Unconfigured Ad

Collapse
X
 
  • Filter
  • Time
  • Show
Clear All
new posts
  • lindseyjane
    Member
    • Apr 2009
    • 28

    Alignment tool for use with ambiguous reference?

    Does anyone know of an alignment tool other than novoalign that we can use with a reference that contains ambiguity codes as well as A,G,C,Ts? Our aim is to do allele specific expression analysis so really need to eliminate bias for the preferential mapping of the reference allele among the reads.

    Thanks
  • lh3
    Senior Member
    • Feb 2008
    • 686

    #2
    mosaik or gsnap. novoalign reduces scores involving ambiguous bases, which I think is less preferred for reducing bias, at least on hand-made examples. I actually do not know how mosaik and gsnap cope with ambiguous bases. possibly they have the same issue. also read a great paper last year. the authors argue that merely allowing ambiguous bases helps to reduce bias, but not much.

    Comment

    • sjackman
      Member
      • Mar 2009
      • 15

      #3
      gsnap can map to a reference enhanced by a list of known SNPs.

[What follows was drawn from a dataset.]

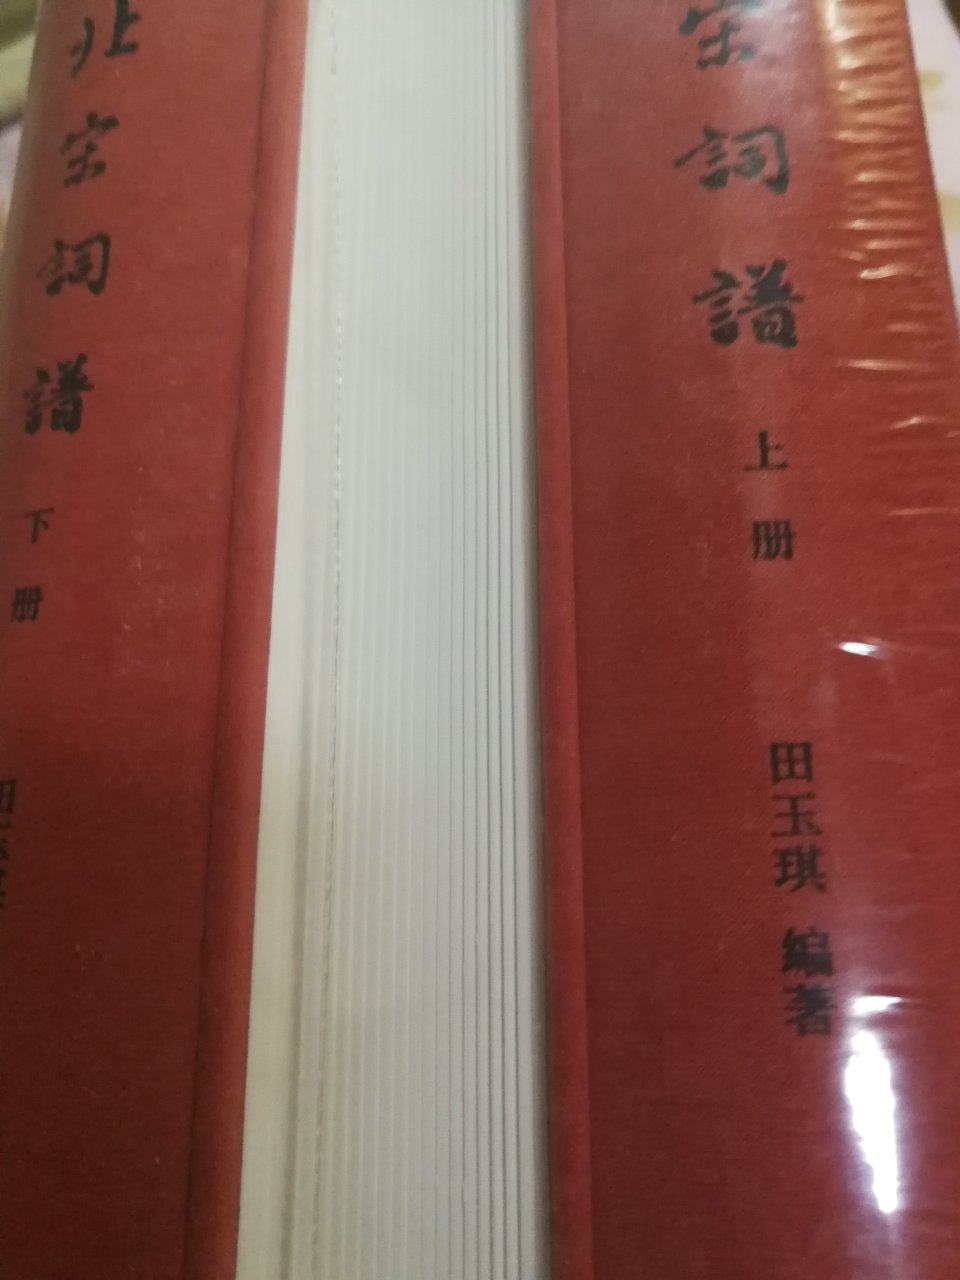 中华书局今年出版的一部好书,布面精装,纸张好！内容是学习了解宋词.

See


      Cheers,
      Shaun

      SNP-tolerant alignment in GSNAP
      ===============================

      GSNAP has the ability to align to a reference space of all possible
      major and minor alleles in a set of known SNPs provided by the user.

      Comment

      • lindseyjane
        Member
        • Apr 2009
        • 28

        #4
        Thank you for your advice, I am checking out gsnap.

        Comment

        • sparks
          Senior Member
          • Mar 2008
          • 126

          #5
          Hi Heng,

          Novoalign should remove allelic bias.
          If you have an ambiguous code such R in the reference genome it will match to an A or G in the read with the same alignment score and the same chance that the read will align. In this case a match of A or G in the read will score 3 vs a mismatch (C or T in read) will score 30 (depending on base quality). There should be no allelic bias.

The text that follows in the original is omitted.